Four years after the Fukushima disaster, birds are becoming a rarity around the damaged nuclear site.
A study in the Journal of Ornithology found that half the populations of 57 bird species had suffered declines. Studying birds over three years at 400 sites, University of South Carolina biologist Tim Mousseau and his colleagues found that the numbers continue to decline over time - even as the radiation threat drops.
"There are dramatic reductions in the number of birds that should be there based on the overall patterns," Mousseau told CBS News. "In terms of barn swallows in Fukushima, there had been hundreds if not thousands in many of these towns where we were working. Now we are seeing a few dozen of them left. It's just an enormous decline."
In addition to barn swallows, the great reed warbler, Japanese bush warbler and the meadow bunting have been the hardest hit.
Researchers are still trying to pinpoint the exact reason for the decline and the role played by the Fukushima disaster. Japan was hit by an earthquake on March 11, 2011, which produced a tsunami that crippled backup generators at Fukushima Daiichi, setting off the worst nuclear catastrophe since Chernobyl.
In earlier work in Fukushima, he found the nuclear disaster had taken a toll on a range of species, causing genetic damage to birds, monkeys, butterflies and other insects. A study he published earlier this month in the journal Nature Scientific Reports showed that tests on individual barn swallow nestlings failed to show genetic damage as a result of radioactivity. Still, the more detailed study demonstrated a population decline relative to the amount of radiation both in numbers and fraction of juveniles.

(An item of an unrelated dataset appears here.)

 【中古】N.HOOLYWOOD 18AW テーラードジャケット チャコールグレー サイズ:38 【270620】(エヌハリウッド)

"We were working with a relatively small range of background exposures in this study because we weren't able to get into the hottest areas that first summer after the disaster, and we were only able to get to some medium-hot areas the following summer," Mousseau said. "So we had relatively little statistical power to detect those kinds of relationships, especially when you combine that with the fact that there are so few barn swallows left."

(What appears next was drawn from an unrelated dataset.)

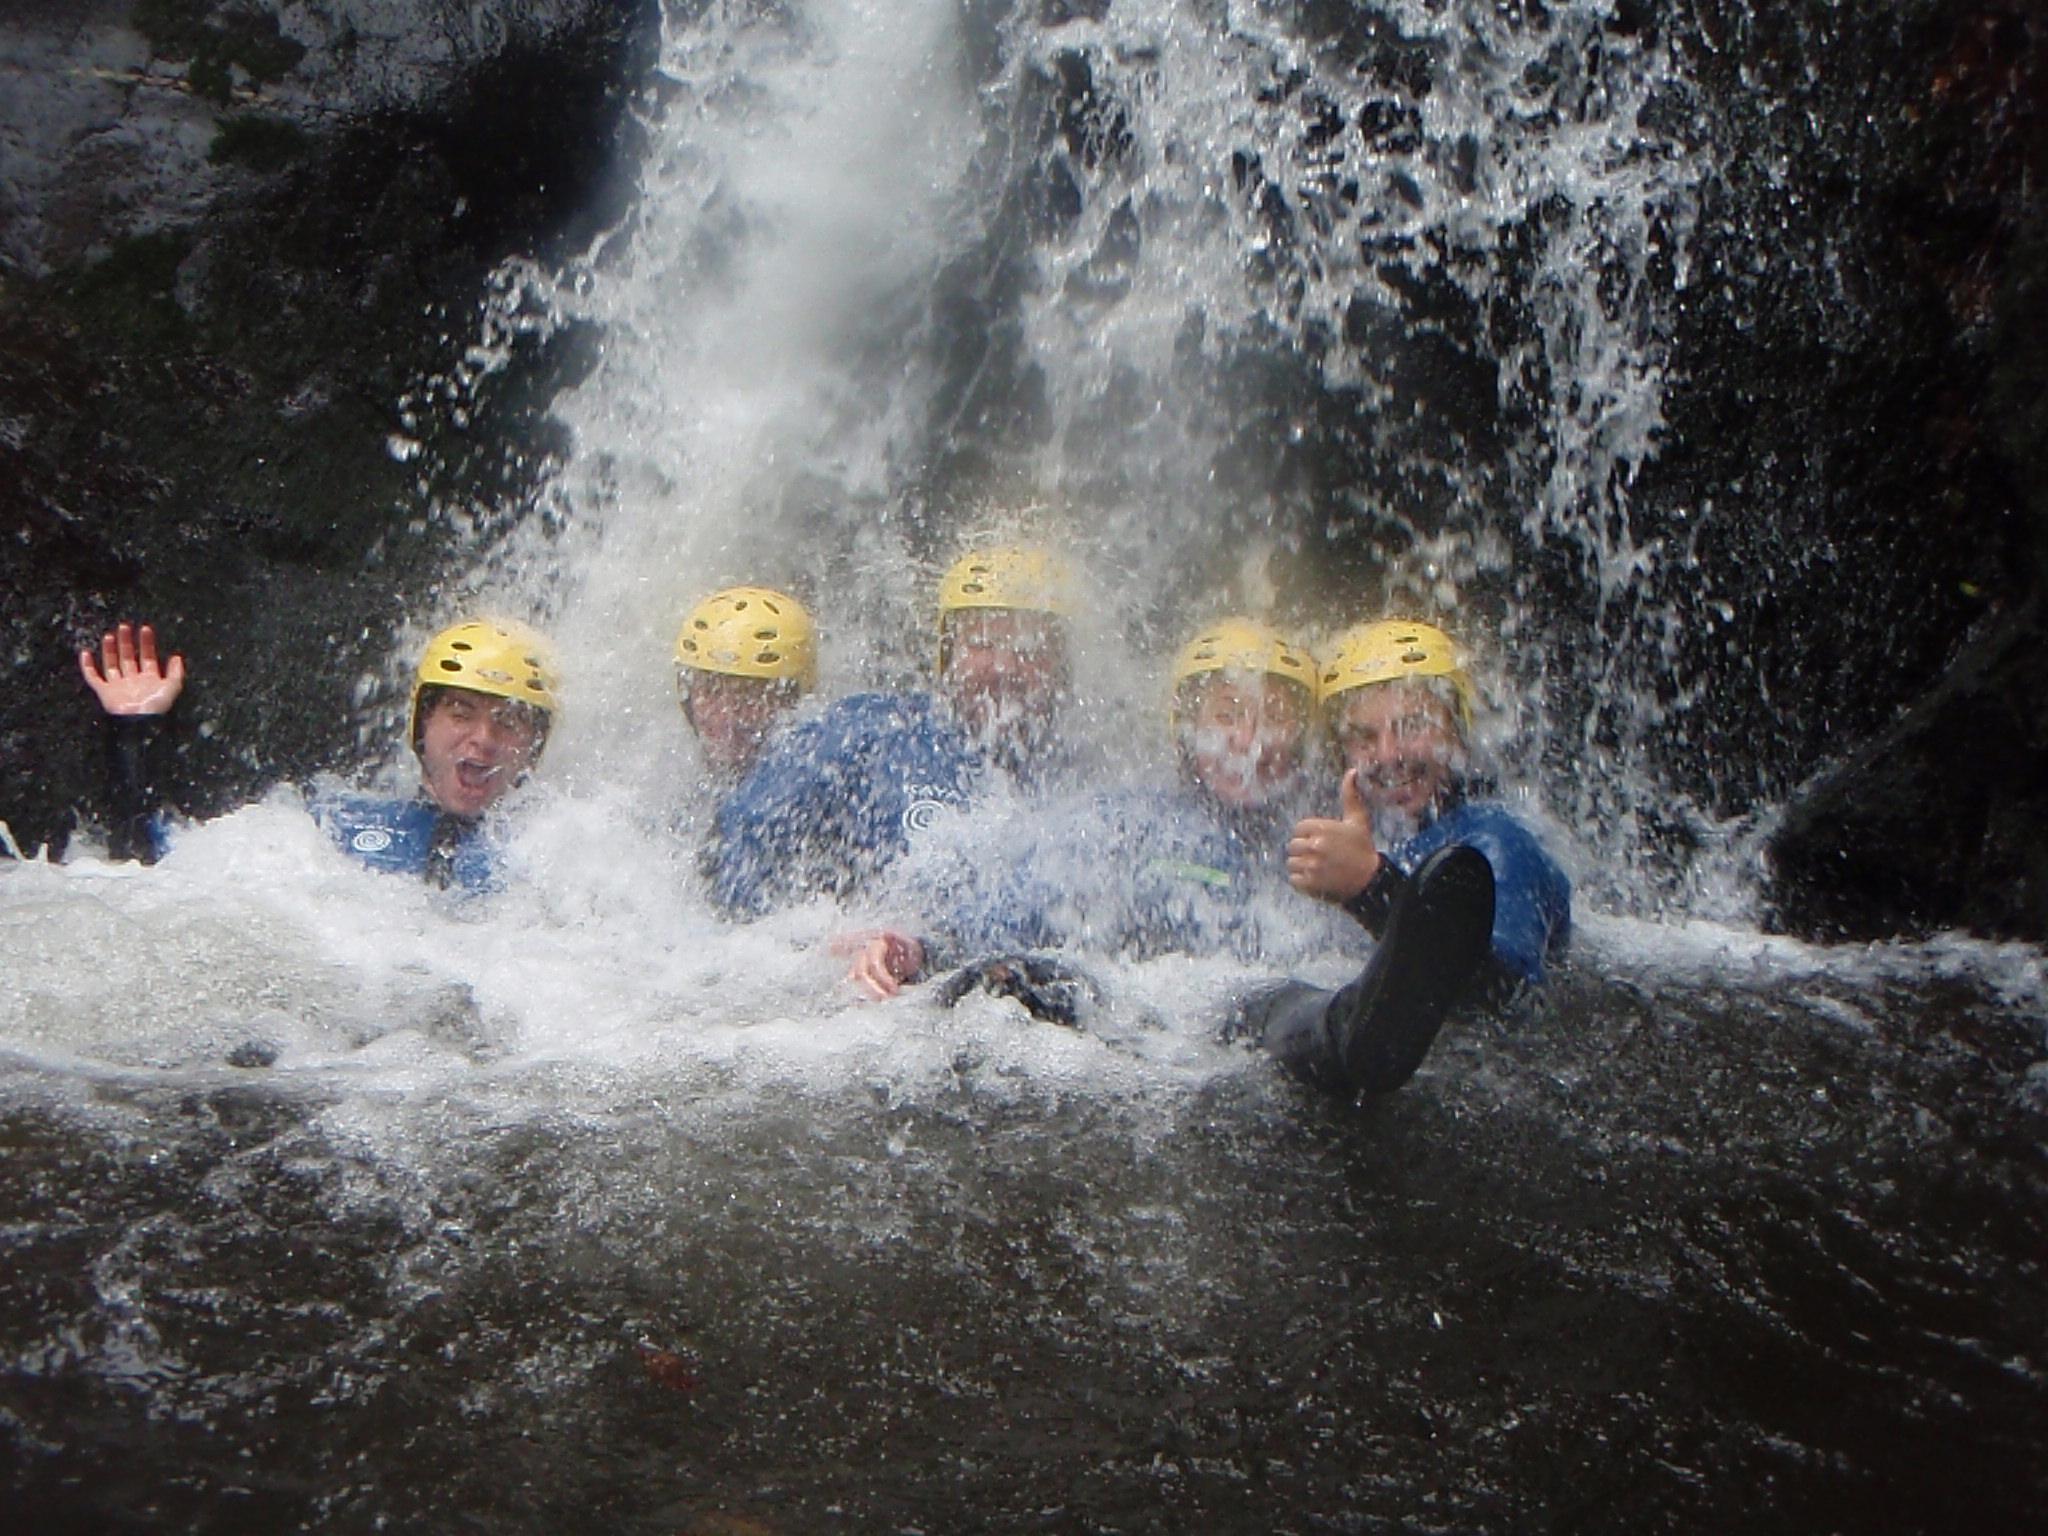 Descubre los deportes de aventura en Galicia más originales y divertidos para pasar un día inolvidable

Mousseau also has been among researchers leading a project that compares the environmental impact of Fukushima to that of Chernobyl, the scene in 1986 of the worst accident at a nuclear plant. As the director of the Chernobyl + Fukushima Research Initiative, he looked at the impact of birds in both places.
In a second paper in the Journal of Ornithology this month, Mousseau and his longtime collaborator Anders Moller of the French National Centre for Scientific Research found that migratory birds appear to fare worse around Chernobyl than year-round residents. The opposite is true in Fukushima.
"The resident species in Fukushima actually were there at the time of the disaster so they experienced the full brunt of the radiation release," he said. "The migratory birds didn't show up until after the disaster so their exposure was limited to what was there after the disaster. Their dose was lower."
At Chernobyl, Mousseau believes the migratory birds such as the barn swallow and the cliff swallow suffered more because their defenses - antioxidants such as Vitamin E and GSH that are used up in flight - were already compromised when they arrived.
"They have flown for thousands of miles so they are stressed metabolically," he said. "Combined with the energy required for reproduction, they are particular vulnerable to the radiation once they arrive."
Around Fukushima, Mousseau predicts the worst may not be over.
"The relationship between radiation and numbers started off negative the first summer, but the strength of the relationship has actually increased each year," Mousseau says. "So now we see this really striking drop-off in numbers of birds as well as numbers of species of birds. So both the biodiversity and the abundance are showing dramatic impacts in these areas with higher radiation levels, even as the levels are declining."
Mousseau said the reason comes down to the long-term impact of the radiation.
"It takes multiple generations for the effects of mutations to be expressed in natural populations," he said, referring to effects such as shorter life spans and reduced fertility. "At some point, there will be a balance of the negative effects of mutations and immigration of fresh, new birds. We just don't know enough to say when a balance will be reached."